I don't think Croatian coins are plated, just alloy composition. Similar problem here, in neighboring country, even recent coins in circulation are made of at least 3 alloy types, maybe more, for same coin. Some attracted to magnet, some don't, different TC, on VLF machine VDI is everywhere. No Star Trek made VDI can go thru this. In just one run last summer, I collected 67 of them in just 30m in one resort, total value ~2-3$, and give up. Better to have smelter installed in MD, so far I could have my statue cast in natural size made of this alloy. Not only PI discrimination, but also VDI or multifrequency VLF wont help with this. On the beach, try to follow “trail” of first 2-3m from waterline, coins are usually grouped in trails, pay attention if just one response is different (from 15 usual VDI readings you have to remember), and, wow, you will get equally worthless foreign coin. Good old bottlecaps, I learned to ignore them with ordinary Surf, but this is a plague and no cure for it.



It is much better to use concentric, not DD coil for this, to avoid coil “phasing”, less susceptible to coin orientation.

Look for a PM from me.

Eric.

Granted

I suspect #1 is from edge effects due to the small diameter of the coin relative to the coil. If you use a target much larger than the coil then this may vanish. #3 is due to the vertical eddies in a non-normal target, which then suffer the same edge effects as #1 but due to the thickness, not the diameter.
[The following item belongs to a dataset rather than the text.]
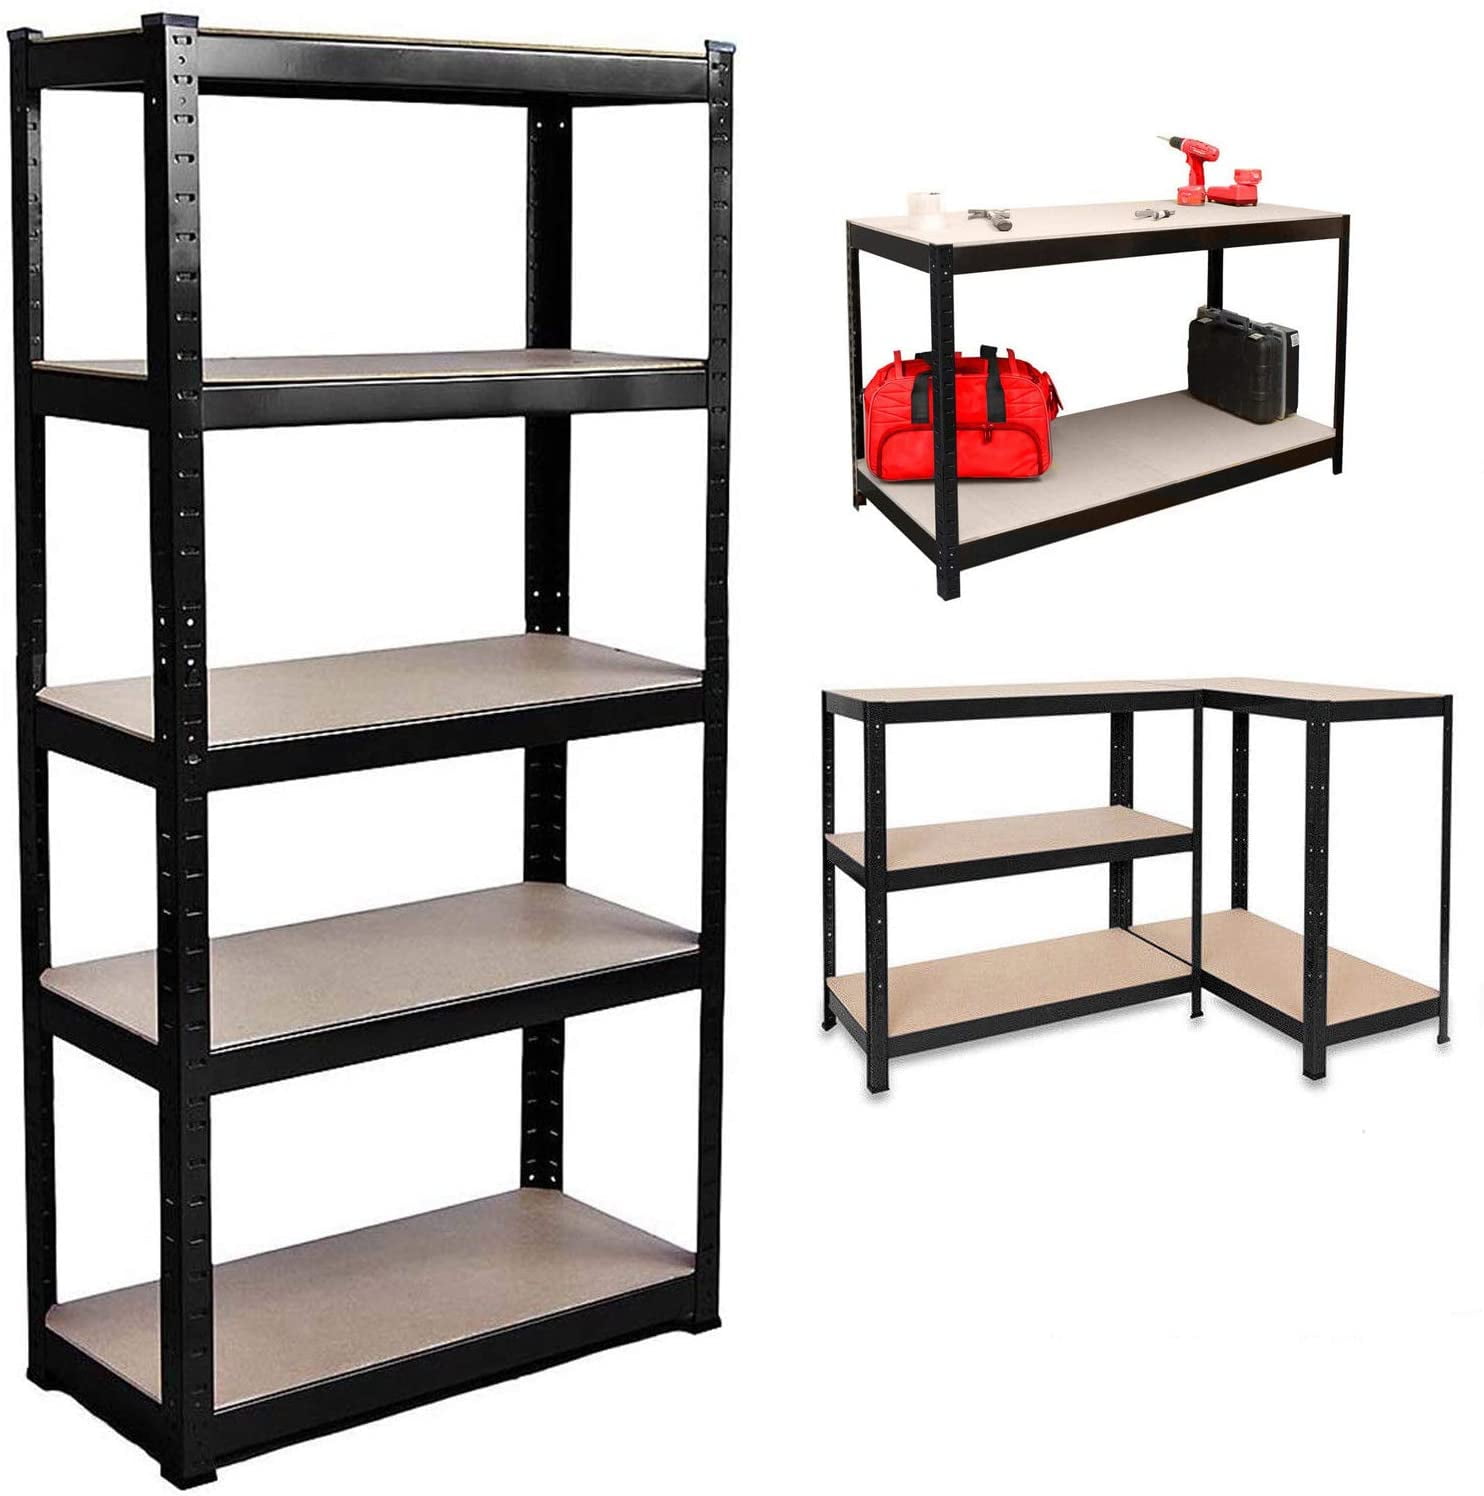 5 Tier Heavy Duty Steel Shelving Racking Warehouse Shed Garage 875KG Capacity Storage Multi-Function Shelving Unit Boltless Compact Easy Assembling Shelves,180x90x40cm,Red

Great Plots and data, thanks..

Are we still wondering what is happening here ?

Yes the three coins insulated should be the same as three coins not insulated ?
Yes, the three coins will decay slower than a single coin..

Insulated or not the are connected magnetically.

Move them a couple of mm apart and the decay curve time will decrease ?


Kick three fly wheels glued together, or kick one fly wheel that weighs as much as all three..

It will spin for the same amount of time ?

The big fly-wheel will spin for longer.
The small fly-wheel will spin for less time.

Here's some screen shots taken using 200us TX pulse and frontend gain of 100x, the targets are 50c AU coins. CRO set to 10us per div.

No Target.....





50c AU coin.




Two 50c AU coins no spacer.




Two 50c AU coins using a piece of A4 paper as a spacer.




Two 50c Au coins with a 5mm spacing.

So is this what is happening ?

If this isn't happening, then I am lost.
Amplitude and slop(e).png

I notice your scope, does it have connection to PC ?.. I bought a DIGTECH 40MHz USB scope from Jaycar and am very happy with it.